According to the change of sample appearance under different freeze-thaw cycles, representative sample photos are selected as shown in Table 5. After 1 freeze-thaw cycle, salt crystals gathered on the surface of soil samples. After 7 freeze-thaw cycles, many pores appeared on the surface of the soil samples. After 30 freeze-thaw cycles, the surface of the soil samples was uneven. The reason is that water and salt transfer caused by freeze-thaw led to the aggregation of salt and the formation of salt crystals, and the soil structure changes. With the increase in freeze-thaw cycles, the salt crystals gradually disappeare, but the soil structure could not be restored to its original state, which finally led to the uneven surface of the soil samples.

Table 5 Photos of samples at various freeze-thaw cycles.

SEM images

Qualitative analysis

The microstructure of the soil samples was qualitatively analyzed by SEM images at 800 × (Fig. 9) and 2000 × (Fig. 10) magnification. First, the images of the three unfrozen soil samples in Fig. 9a, f and k show that with the increase in compaction, the contact area between particles in the soil samples increases significantly, and the contact relationship gradually changes from point-to-point contact to edge-to-face contact. Moreover, the number of macropores is decreasing, and the soil structure gradually becomes denser28. In the C85 soil sample, the macropores are visible, and the soil particles are mainly connected by point-to-point contact. The C90 soil sample has a relatively loose structure with well-developed pores. On the contrary, in the C95 soil sample, the number of macropores is decreasing, the mesopores are visible, and the connection relationship between particles is mainly edge-to-face contact. Besides, due to the high salt content, a large number of irregular-shaped salt and soil fragments are loosely attached to the structural surface.

Figure 9
figure 9

SEM images of soil samples after different freeze-thaw cycles (800 ×).

After the first freeze-thaw cycle, the particle morphology, pore distribution, and structural surface characteristics of the soil samples all change significantly. Figure 9b, g and l shows that the larger soil particles are broken, and the size of pores decreases. During the short-term freeze-thaw cycles (< 7), the number of macropores in the C85 soil sample is significantly reduced and appears as mesopores. In the C90 soil samples, the originally developed macropores change to mesopores and gradually connect into cracks, while in the structure of the C95 soil samples, the originally developed mesopores gradually connect into cracks.
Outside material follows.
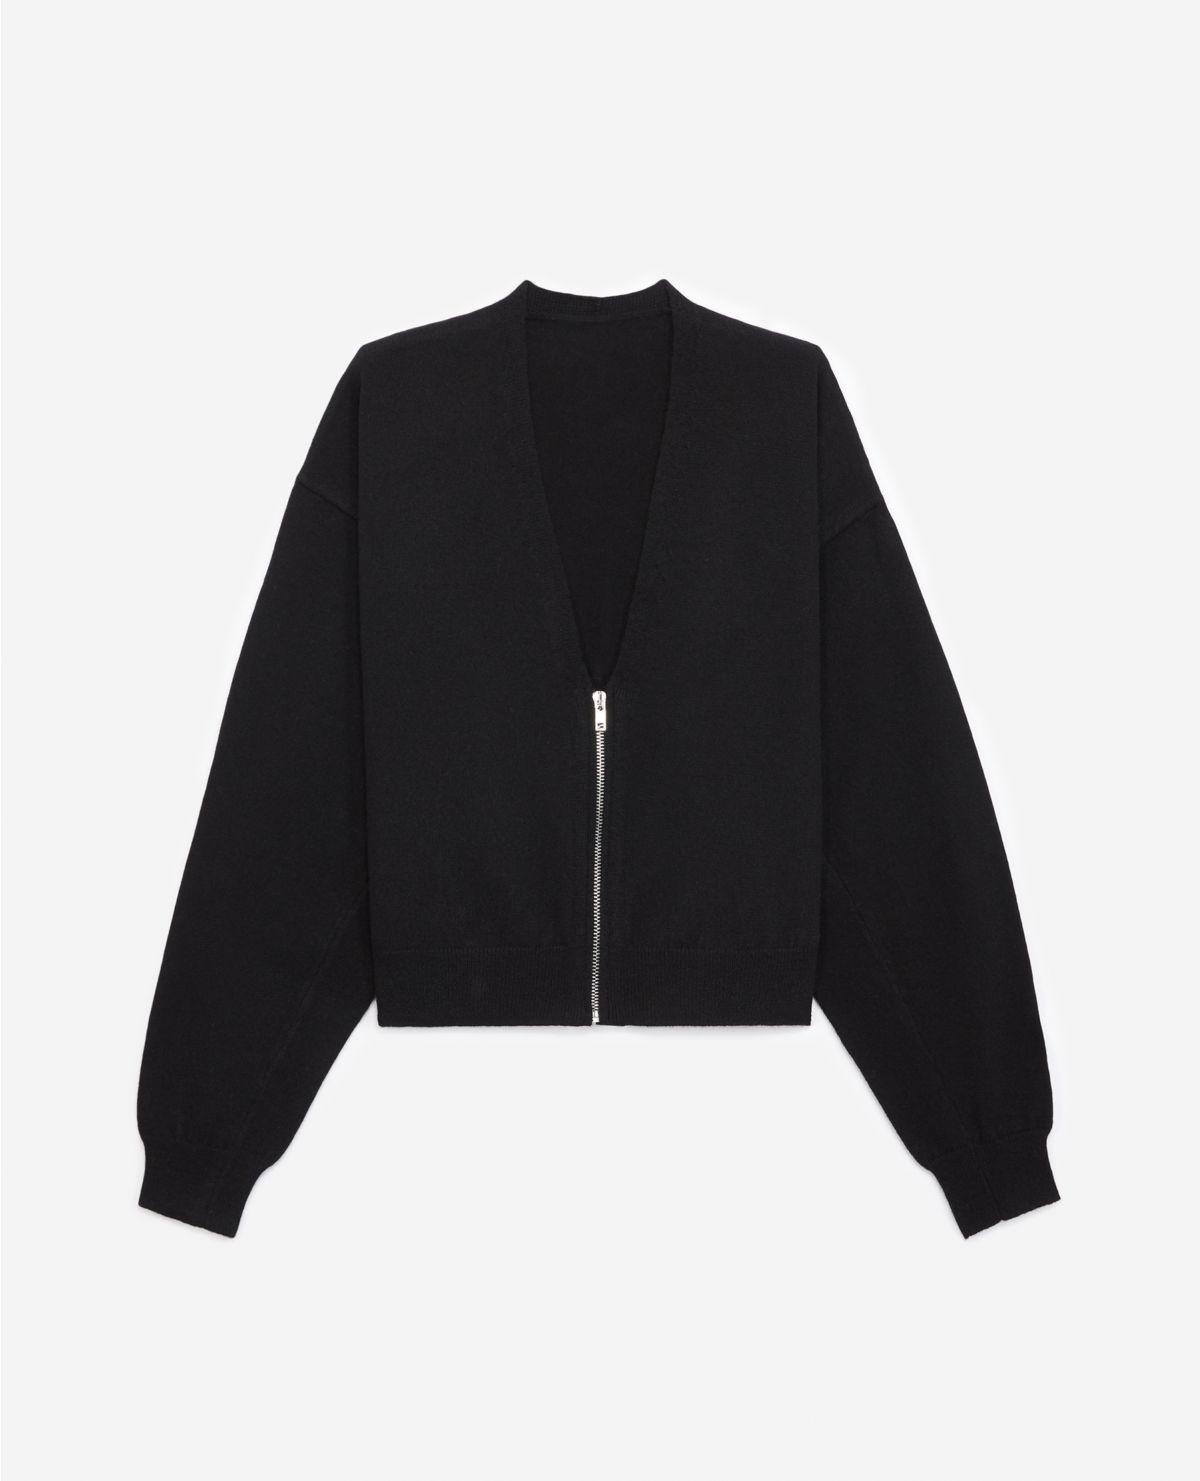 THE KOOPLES  cardigan noir zippé à manches amples-3

After further freeze-thaw cycles, the cracks continue to extend in the soil, causing some large particles to be further broken into a large number of fine particles (Fig. 9d, i and n), and the soil samples present a stacked structure (Fig. 10a). As shown in Fig. 9e, j and o, when the freeze-thaw cycles reach 30 times, the most significant change is that the macropores in the soil are connected by cracks, and the broken particles gradually gather together and form large aggregates under the cementation. At this time, the microstructure characteristics of the three soil samples tend to be similar, and the connection relationship between aggregates gradually becomes point-to-face and point-to-point contraction (Fig. 10b). Simultaneously, the skeleton particles form a stable aggregated structure under the attachment of cementing substances and crystalline salts. This process occurs during the long-term freeze-thaw cycles (> 10). Besides, according to the results of EDS analysis (Fig. 11), the soil and salt aggregates contain chlorine, sodium and magnesium, which are no different from those contained in soil samples without the freeze-thaw cycle, so only physical and crystallization changes occur during the formation of aggregates.

Figure 10
figure 10

SEM images of soil samples after different freeze-thaw cycles (2000 ×).

Figure 11
figure 11

Analysis of elemental composition in strongly saline Soil subjected to freeze thaw cycles.

Quantitative analysis

With the increase in freeze-thaw cycles, the changes in the pore area ratio of the soil samples are illustrated in Fig. 12. The area of micropores ranges from 0 to 0.00785 μm2, the area of mesopores extends from 0.00785 to 0.785 μm2, and the area of macropores exceeds 0.785 μm2. The changes in pore area within the soil samples under different conditions are primarily in the mesopores and macropores. This is mainly manifested in the following three points: (1) The mesopore area ratio of C85 decreases with the increase in cycle numbers, but the macropore area ratio gradually increases. (2) The macropore area ratio of C90 gradually increases. (3) The mesopore area ratio of C95 gradually increases. Besides, the total pore area ratio of C85 decreases with the increase in cycles, but the total pore area ratio of C90 and C95 increases with the increase in cycles.

Figure 12
figure 12

changes in the pore area ratio of the soil samples under different freeze thaw cycles.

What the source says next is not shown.